More specifically, for each village, we begin by picking three empirical adjacency matrices representing different network layers sorted in decreasing order of their average out-degree: $A_{1}$, $A_{2}$, and $A_{3}$. We then pair $A_{1}$ with $A_{2}$ for one simulated diffusion, and $A_{1}$ with $A_{3}$ for the other. To ensure that the average out-degree is comparable across the networks, we prune at random the links in $A_{2}$ to match the average out-degree of $A_{3}$, resulting in a pruned network $A_{2}^{{}^{\prime}}$. We construct two multiplexed networks: $g^{\prime}$, by combining $A_{1}$ and $A_{2}^{{}^{\prime}}$, and $g$, by combining $A_{1}$ with the $A_{3}$. The process is presented in full detail in the Appendix (Algorithm 2).

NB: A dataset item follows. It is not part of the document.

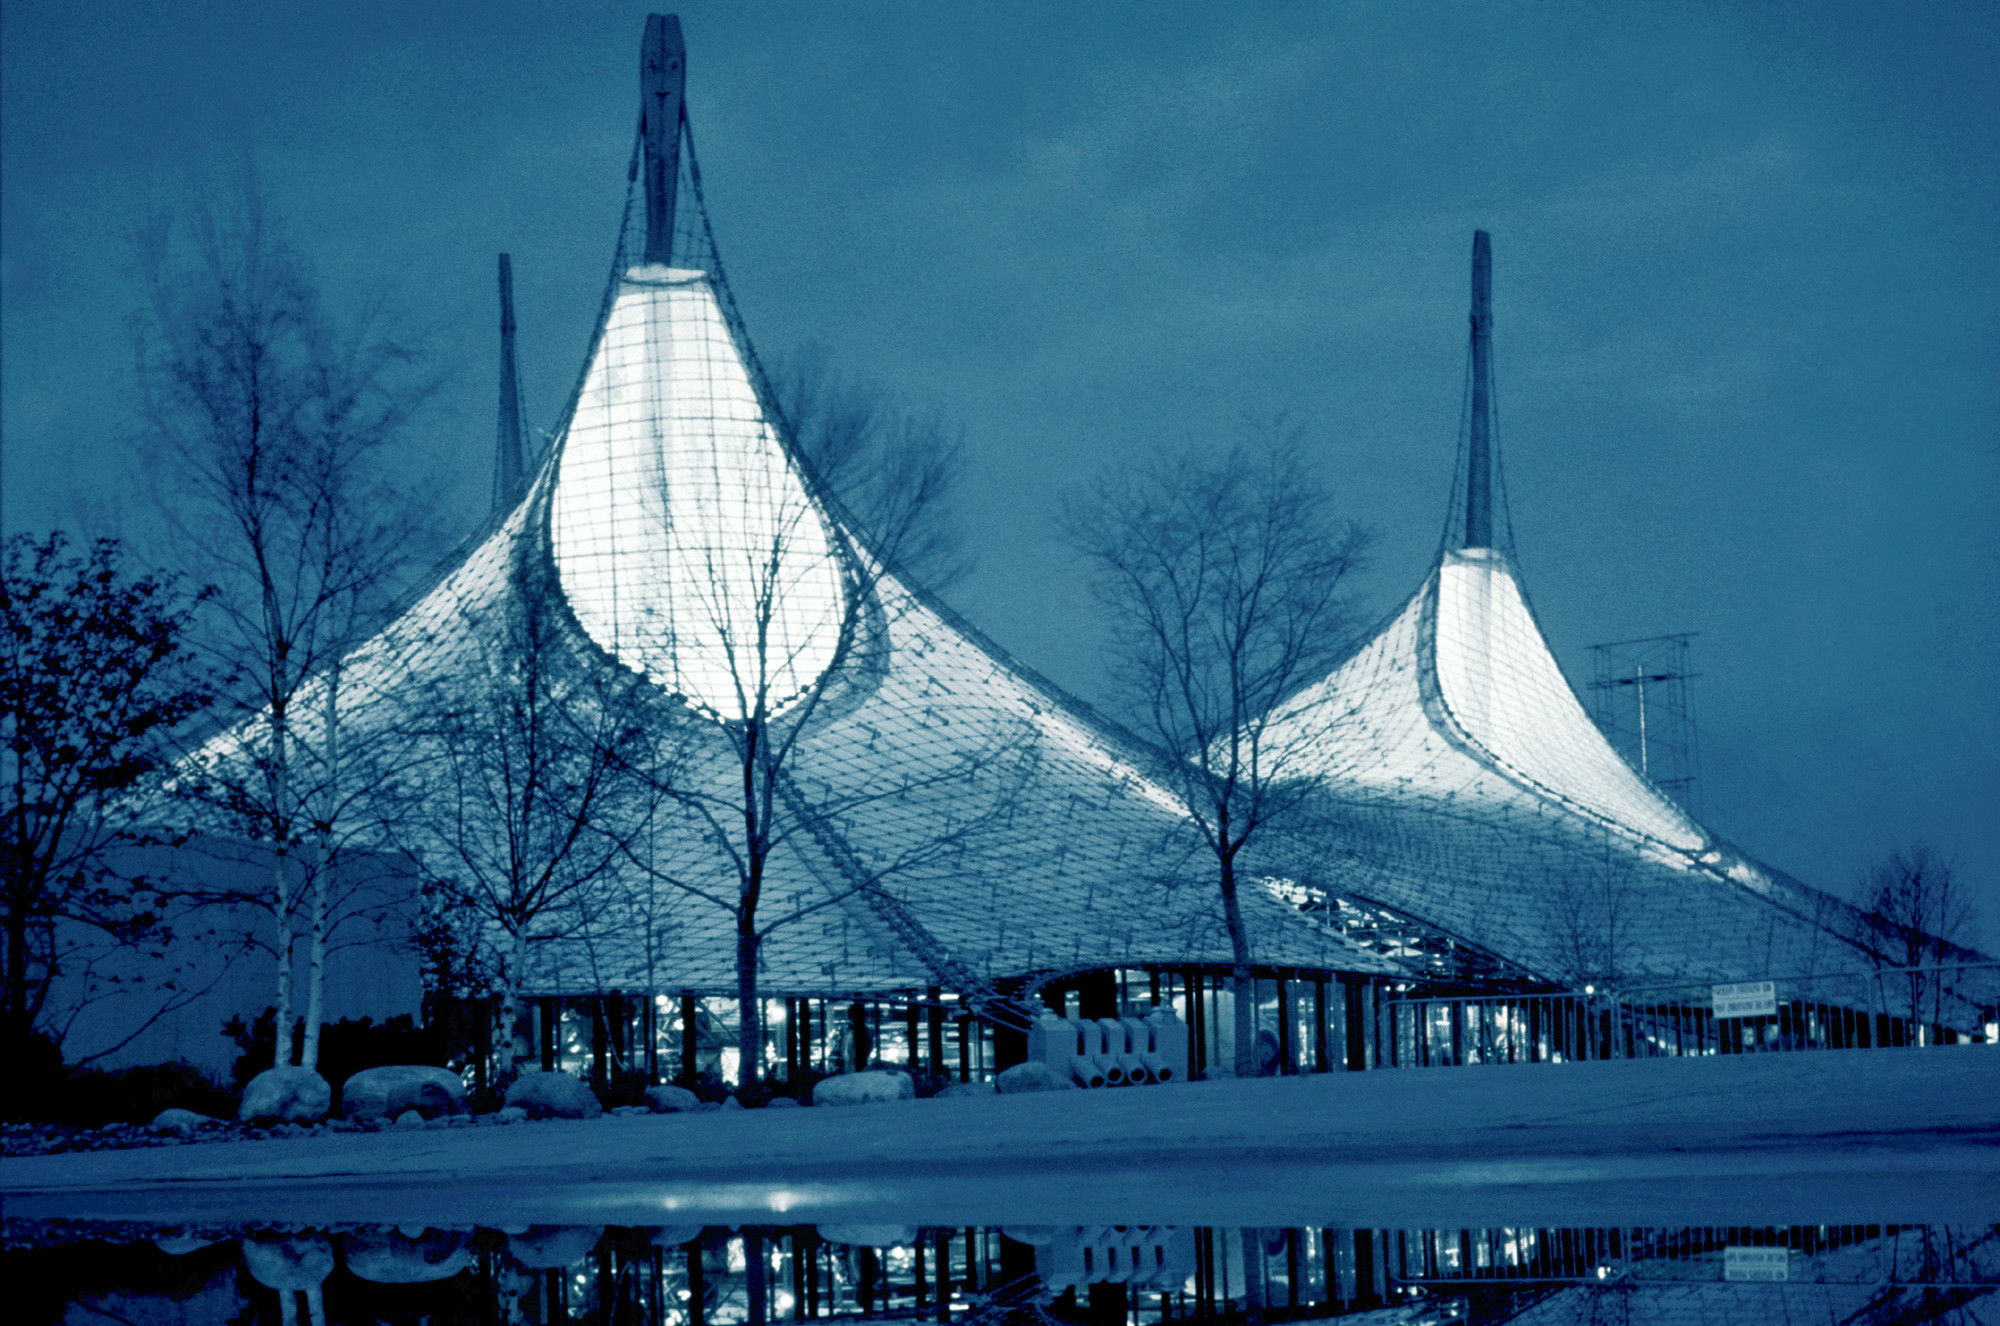 Безоговорочное международное признание пришло к архитектору за его павильон, представленный на Всемирной выставке 1967 года в Монреале. В 2017-м этой работе исполняется 50 лет

The diffusion process (also presented in full detail in the appendix in Algorithm 1), is as follows. First, a susceptible node can get message transmissions from each infected neighbor in each layer, i.i.d., with probability $q$ in each period. Second, a susceptible node gets infected only if it receives at least $\tau\geq 1$ contacts in a given time period and the count resets in each time period. Third, in each period an infected node transitions back to being susceptible with probability $\delta$. We terminate the simulation when the share of infected nodes changes by less than a small threshold between consecutive iterations. In our simulations, we use $\tau=1$ for simple diffusion and $\tau=2$ for complex. In each simulation we set the number of randomly selected seeds in the initial period to be $\lfloor\sqrt{n}\rfloor$, where $n$ is the number of households in the network. For both, simple diffusion ($\tau=1$) as well as complex diffusion ($\tau=2$) we run simulations on a grid of $(q,\delta)\in[0.1,0.5]\times[0.1,0.5]$. We run the diffusion simulations $500$ times for each village across both multiplexed networks $g,g^{\prime}$ described above. We report the averages across all $70$ villages.

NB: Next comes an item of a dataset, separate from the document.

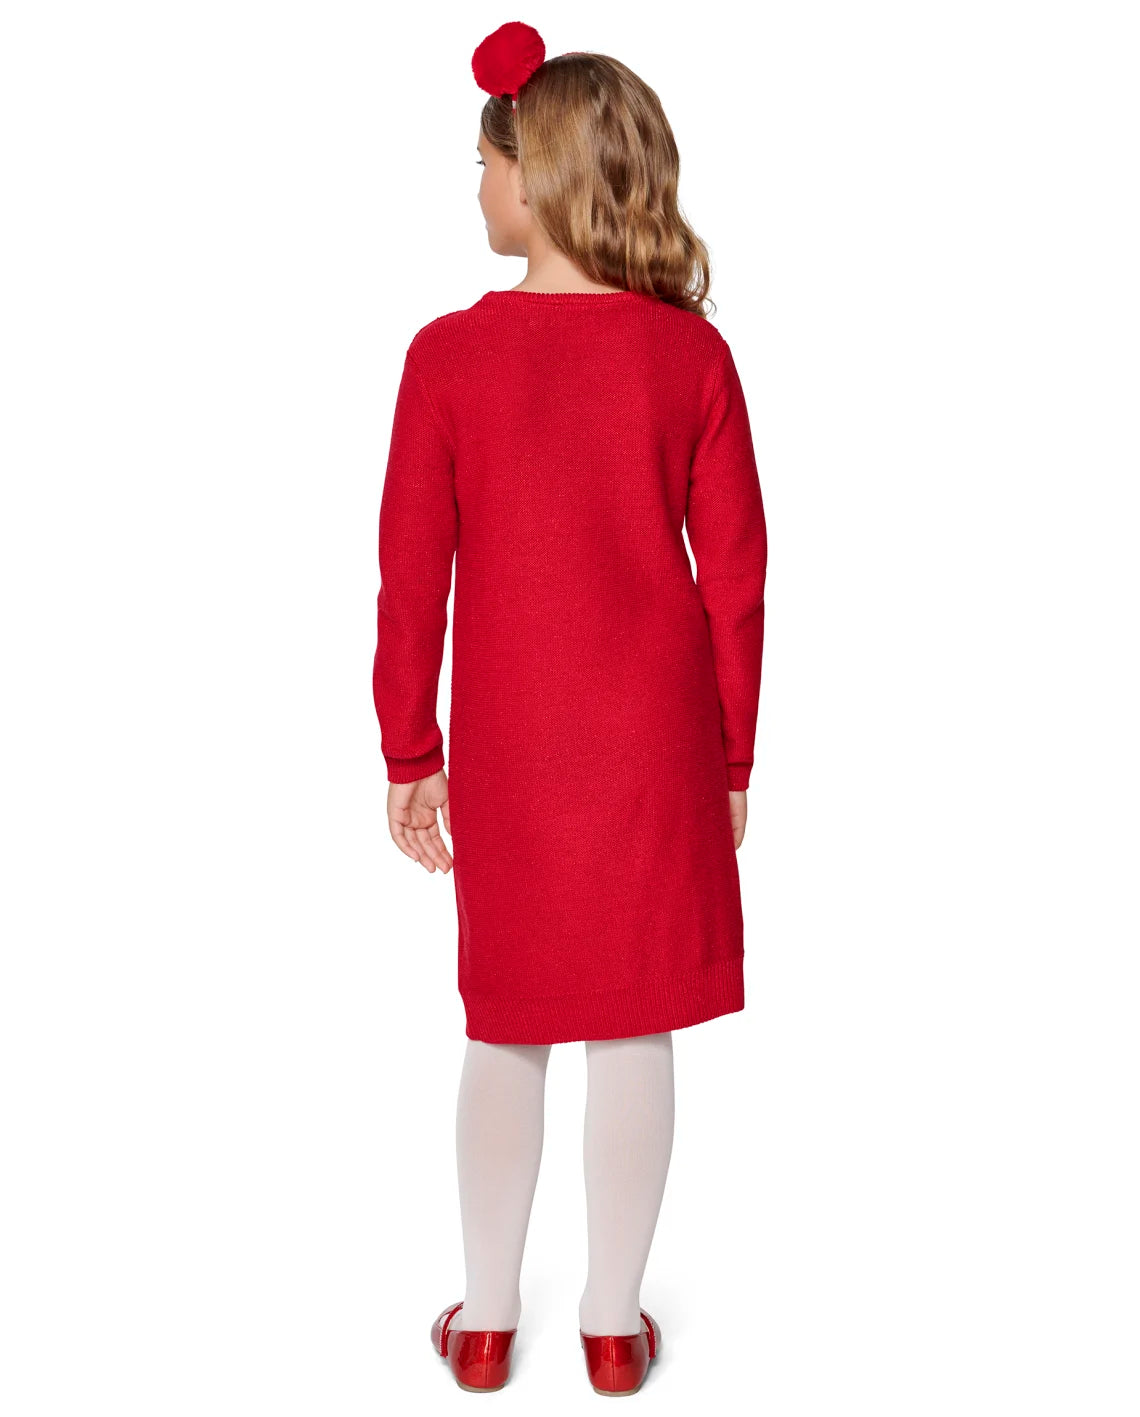 Vestido rojo niña Children's Place 18m a 16 años sueter – Kima Shop HN

Given that these are smaller networks, some simulations end up randomly having more or less diffusion in any given run across the two comparison networks. Thus, we tabulate the fraction of simulation runs for which more multiplexing is associated with more diffusion.

In Figure 6 we plot the fraction of simulation runs where more multiplexing leads to more diffusion against the extent of diffusion in the network $p$. In panel A, we plot the results for simple diffusion. We find that higher multiplexing is consistently associated with lower diffusion levels, as in our theoretical results.

In panel B we see the nonmonotonicity from the countervailing forces in complex diffusion that we mentioned in Section 3.3. We also see a confirmation of the theoretical results. At low levels of diffusion, the steady state diffusion is increasing in multiplexing, and for high diffusion levels, the steady state diffusion is decreasing in multiplexing.